Изобретение относится к области медицины, а именно сердечно-сосудистой хирургии. Одновременно выполняют выделение общей сонной артерии, наружной сонной артерии, внутренней сонной артерии с двух сторон разными хирургами. После чего одновременно производится пережатие общей сонной артерии, наружной сонной артерии, внутренней сонной артерии справа и слева. Затем одновременно справа и слева выполняется установка временного внутрипросветного шунта и далее выполняются эндартерэктомия, сосудистый шов, гемостаз, установка дренажа и ушивание раны. Способ позволяет выполнить каротидную эндартерэктомию (КЭЭ0 с двух сторон у пациентов с двусторонними стенозами внутренней сонной артерии (ВСА) без риска развития дистальной эмболизации, ишемического инсульта, геморрагического инсульта и геморрагической трансформации. 1 табл., 6 пр.

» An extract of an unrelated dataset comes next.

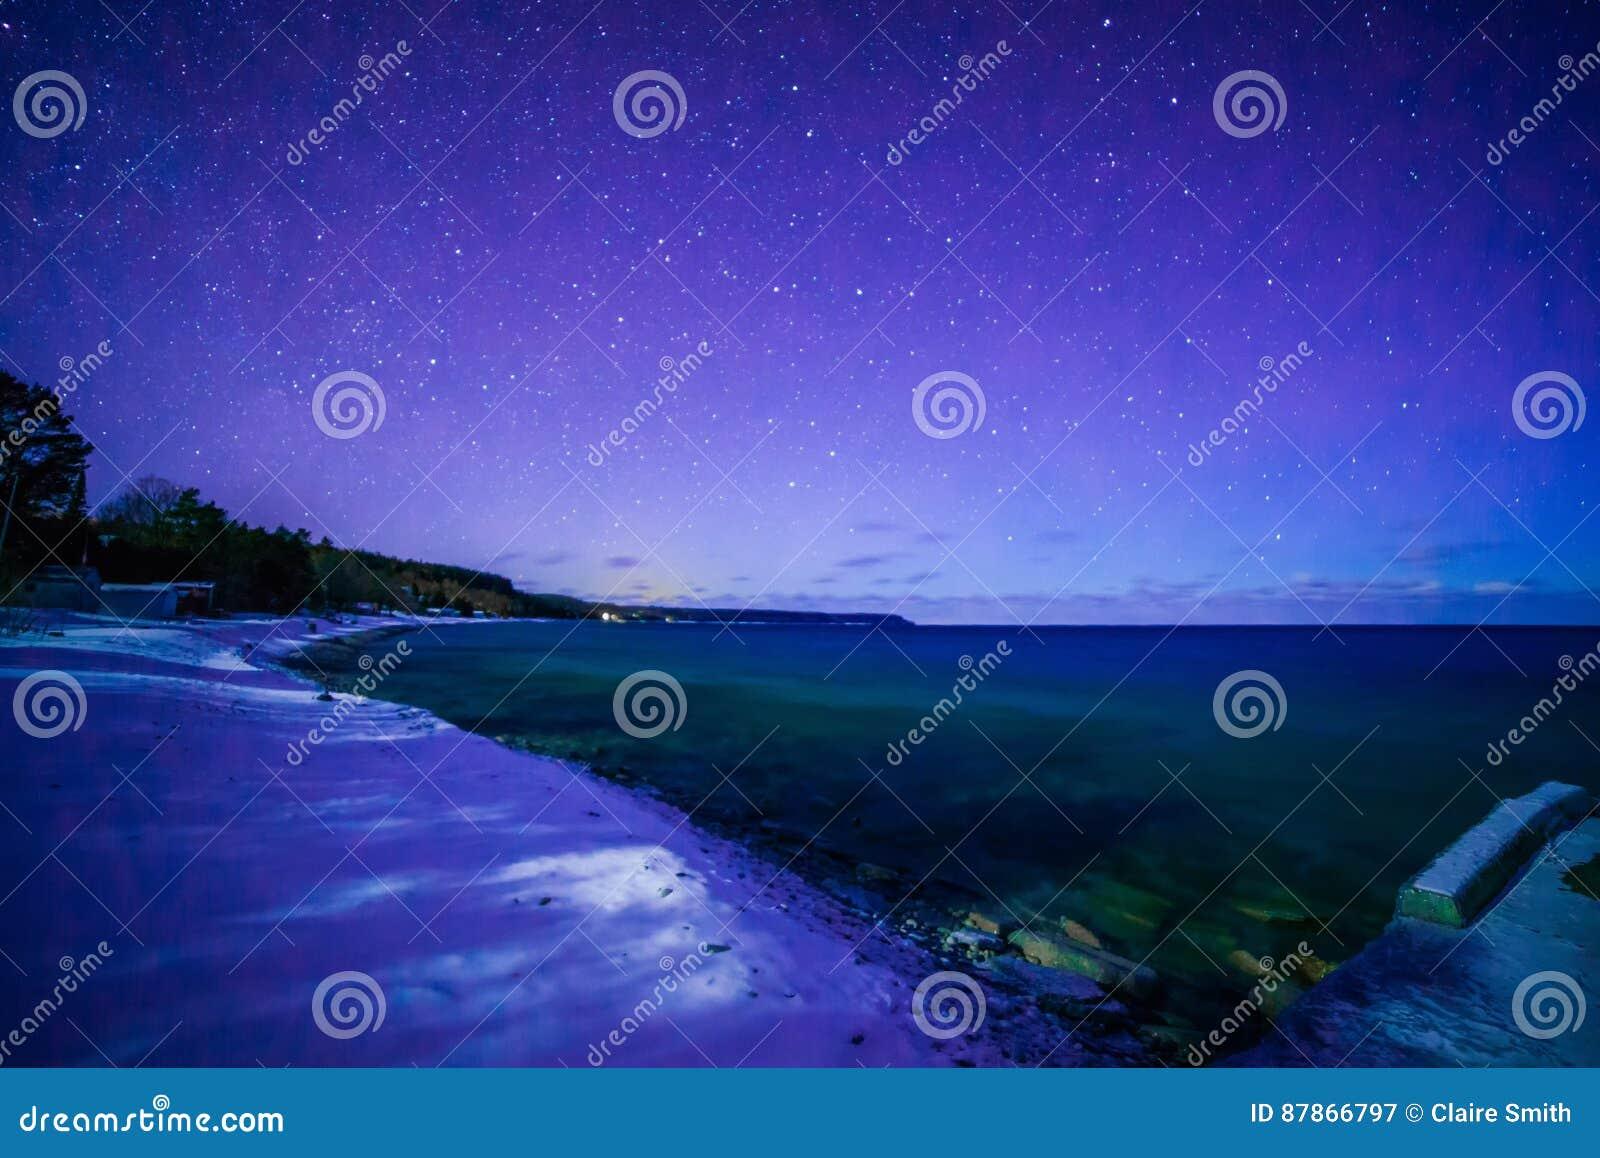 Os tintureiros latem, Bruce Peninsula na noite com Via Látea e estrela

Изобретение относится к области медицины, а именно сердечно-сосудистой хирургии. Выделяют общую сонную артерию, внутреннюю сонную артерию, наружную сонную артерию. Одновременно с этим выделяют большую подкожную вену. При этом концы большой подкожной вены лигируют и большую подкожную вену отсекают, извлекая из раны. После этого в проксимальный конец большой подкожной вены погружают металлическую канюлю, через которую вводят физиологический раствор, имитируя кровоток, визуализируя притоки большой подкожной вены, после чего перевязывают притоки большой подкожной вены. Затем выполняют боковое отжатие общей сонной артерии, скальпелем вырезают артериотомное отверстие и выполняют анастомоз «конец-в-бок» между проксимальным концом большой подкожной вены и данным артериотомным отверстием. После этого выполняют боковое отжатие внутренней сонной артерии, скальпелем вырезают артериотомное отверстие и выполняют анастомоз «конец-в-бок» между дистальным концом большой подкожной вены и данным артериотомным отверстием. При этом перед наложением последнего стежка анастомоза снимают зажим с общей сонной артерии, запускают кровоток в большую подкожную вену, затем выполняют последний стежок, завершая анастомоз, и снимают зажим с внутренней сонной артерии. Способ позволяет создать путь для поступления кровотока из ОСА во ВСА в обход зоны артериотомии ОСА и ВСА. 3 з.п. ф-лы, 1 табл., 6 пр.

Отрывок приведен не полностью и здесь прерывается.